◆ **SOURCE INFORMATION**
>>>>

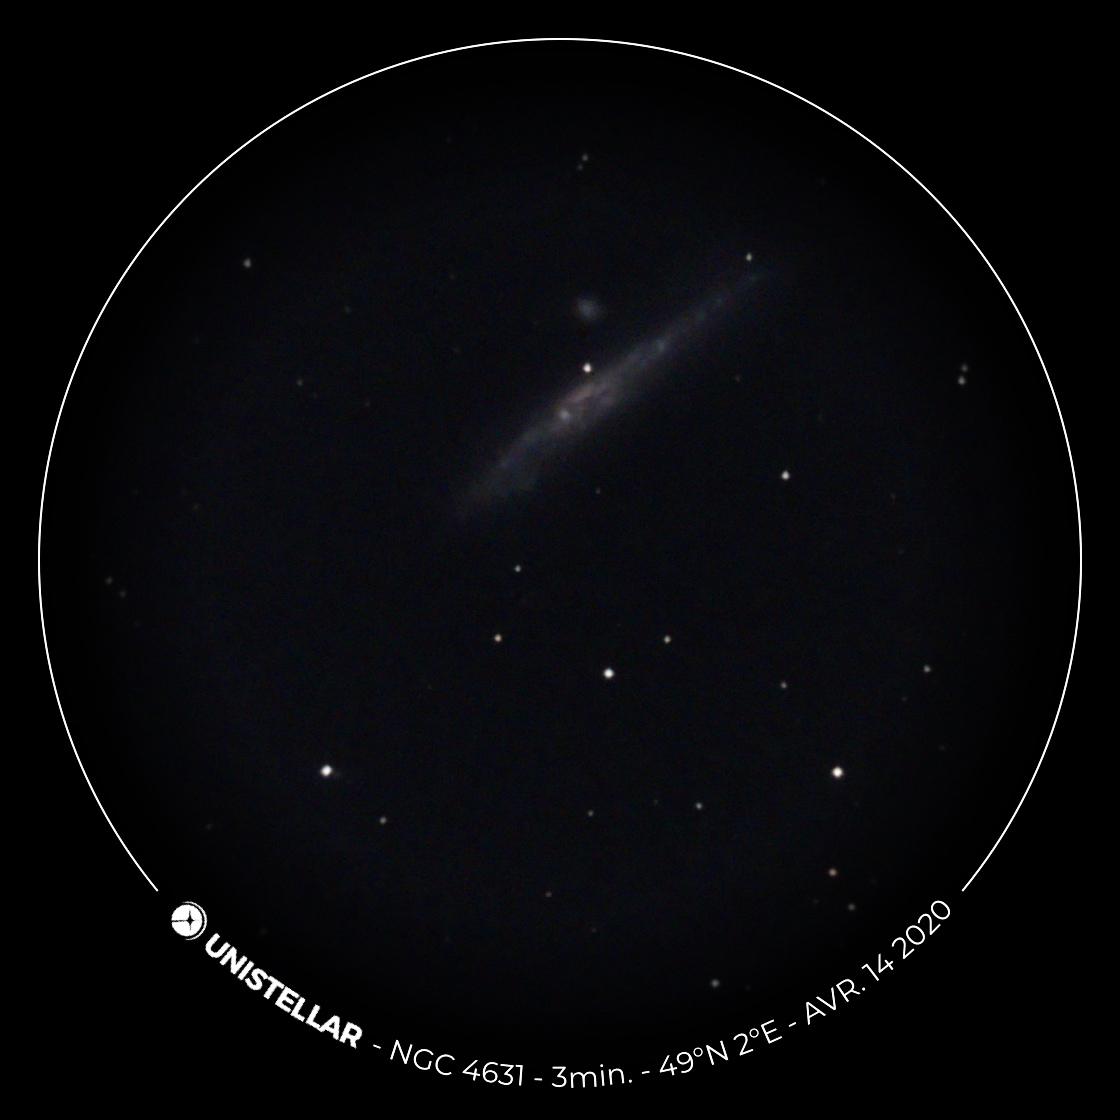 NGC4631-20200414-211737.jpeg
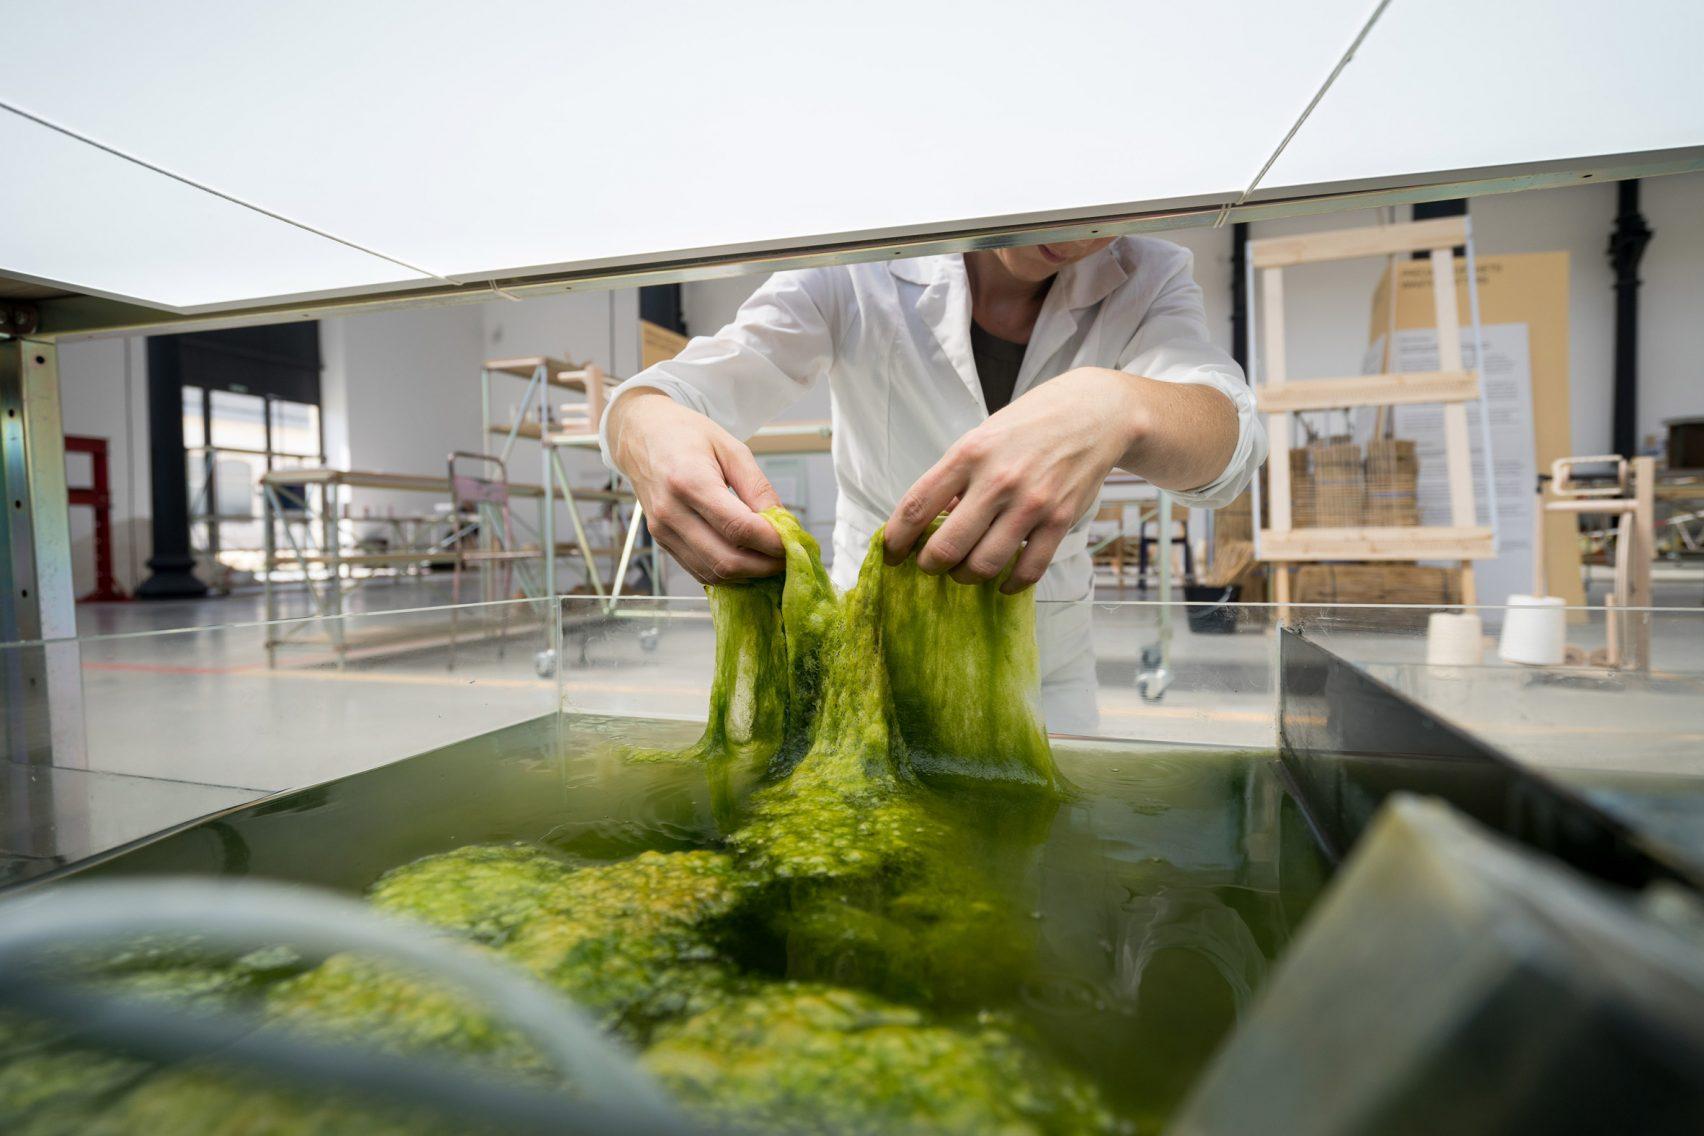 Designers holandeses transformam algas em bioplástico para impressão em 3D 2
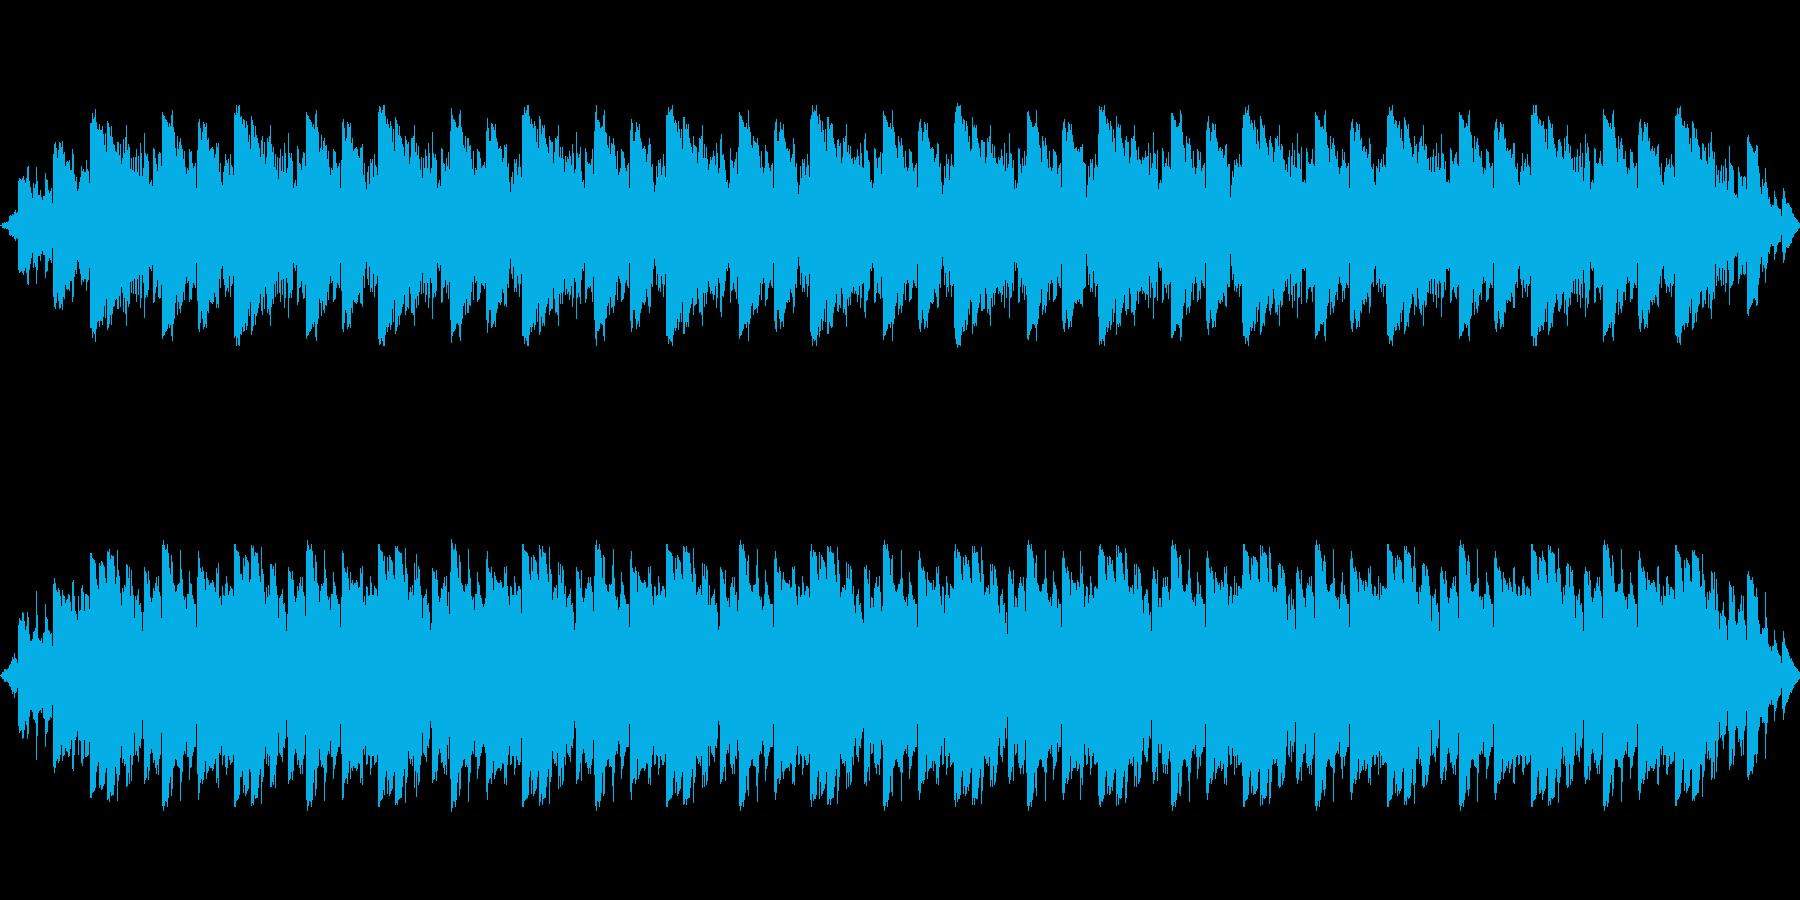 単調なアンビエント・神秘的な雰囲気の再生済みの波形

<<<<
>>>>

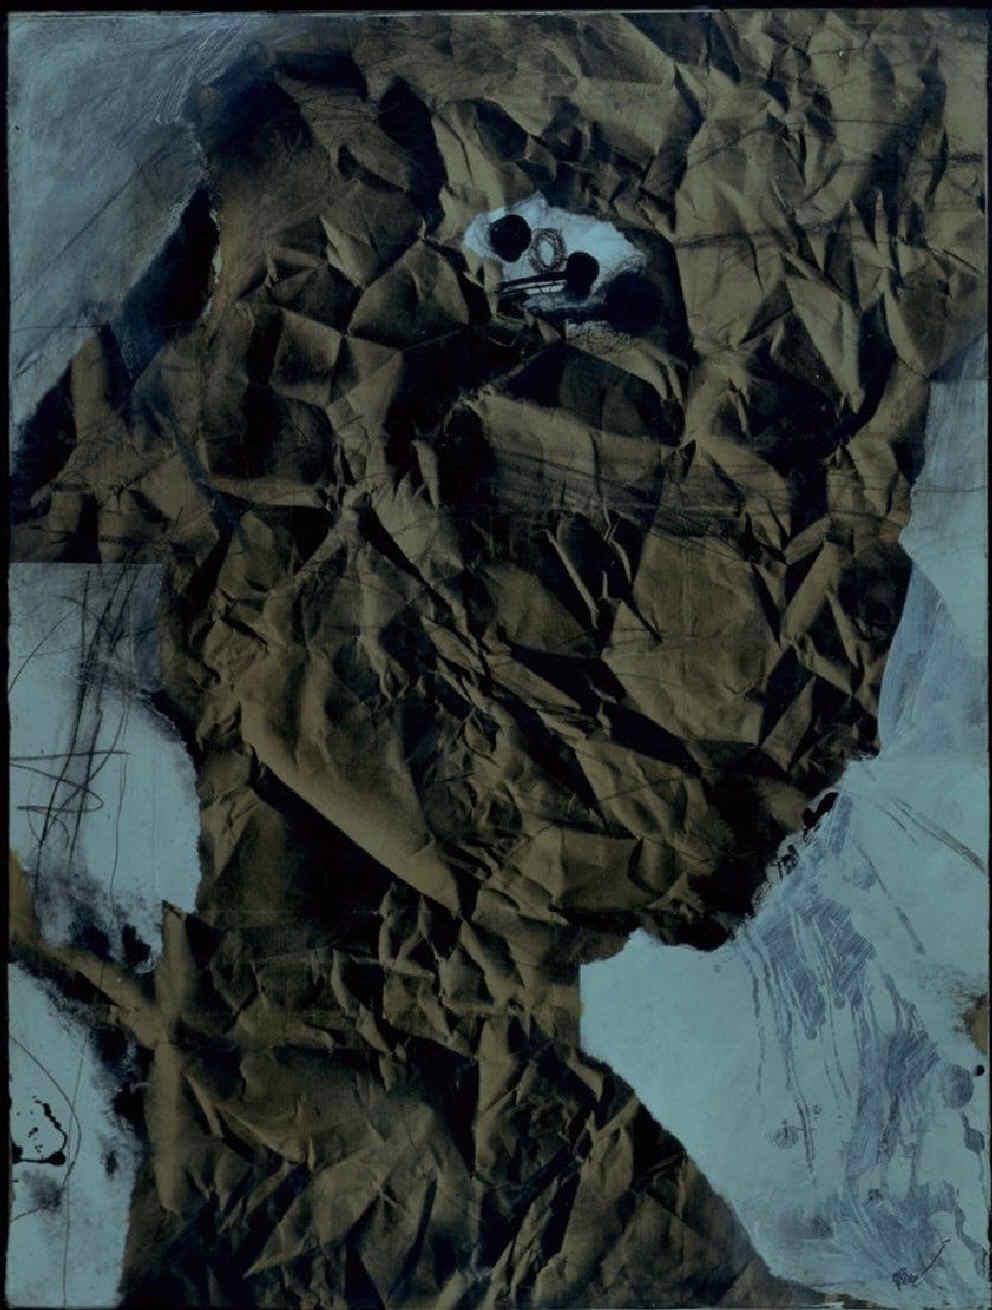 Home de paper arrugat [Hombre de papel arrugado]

<<<<
>>>>

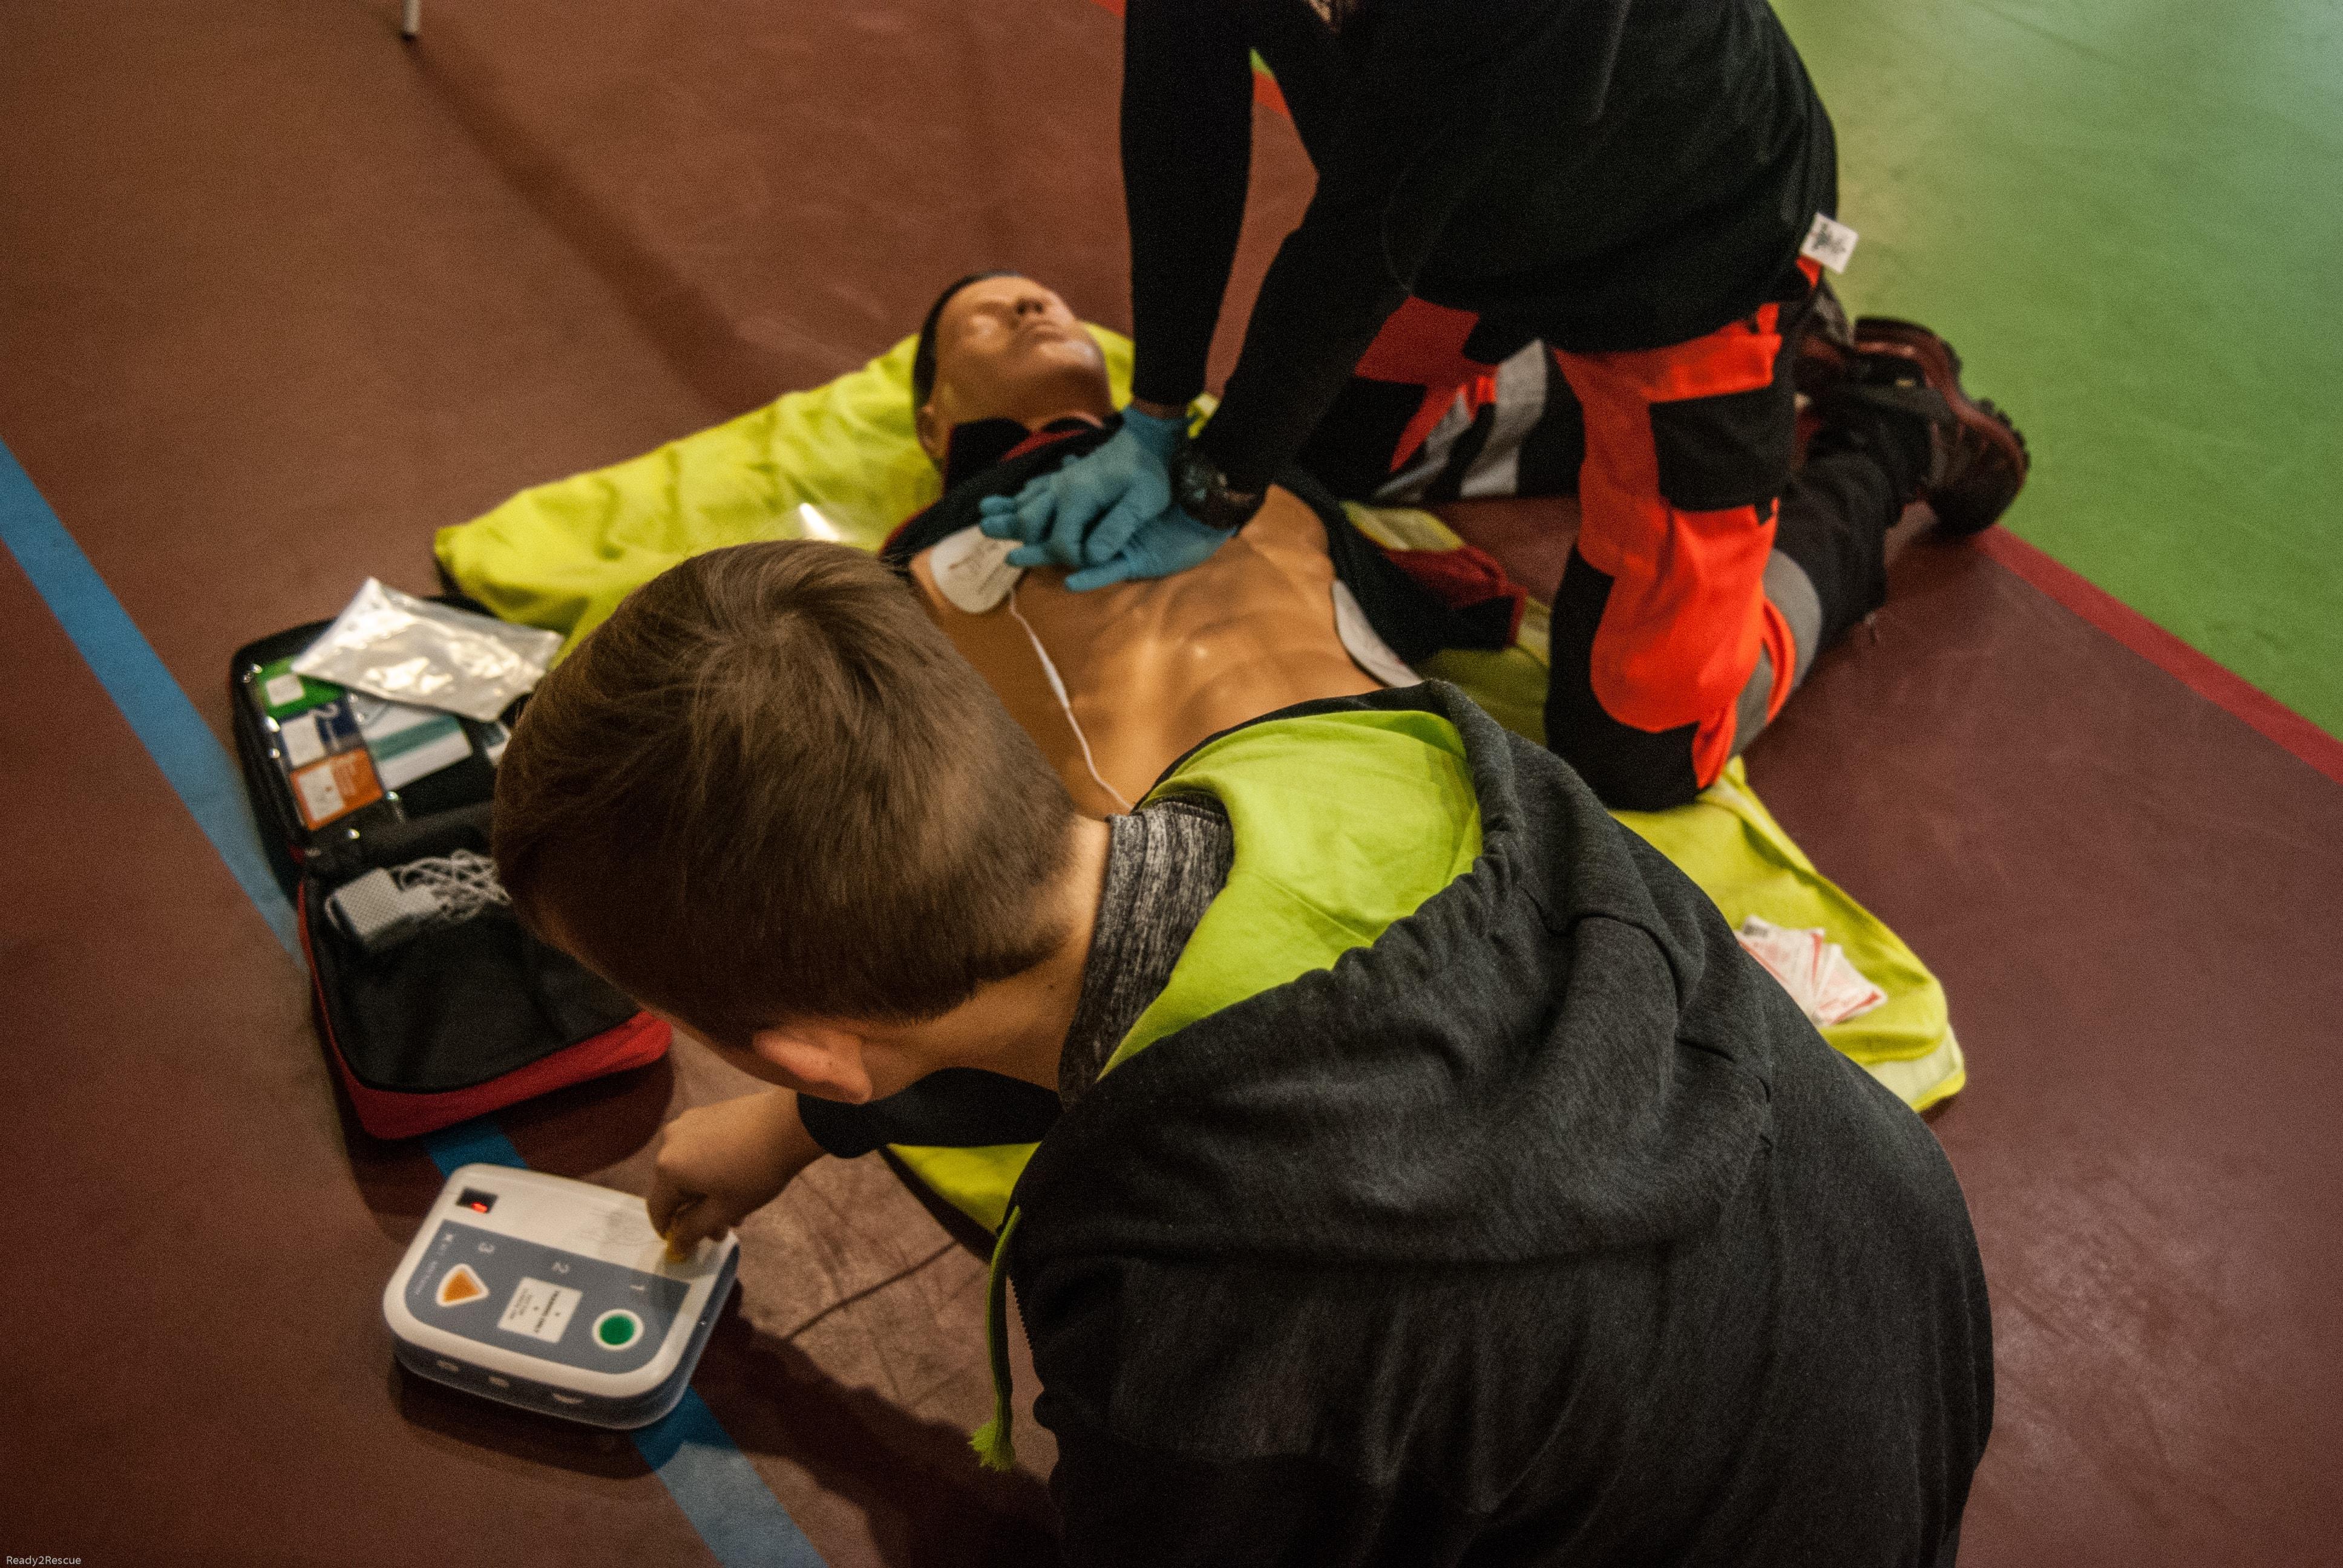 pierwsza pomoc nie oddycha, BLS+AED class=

<<<<

◆ **ACTIVITY**
Starting with the line that has "NGC4631-20200414-211737.jpeg" and ending with the line that has "単調なアンビエント・神秘的な雰囲気の再生済みの波形", repeat the lines above exactly, omitting every picture.

◆ **RESULT OF THE TASK**
 NGC4631-20200414-211737.jpeg
 Designers holandeses transformam algas em bioplástico para impressão em 3D 2
 単調なアンビエント・神秘的な雰囲気の再生済みの波形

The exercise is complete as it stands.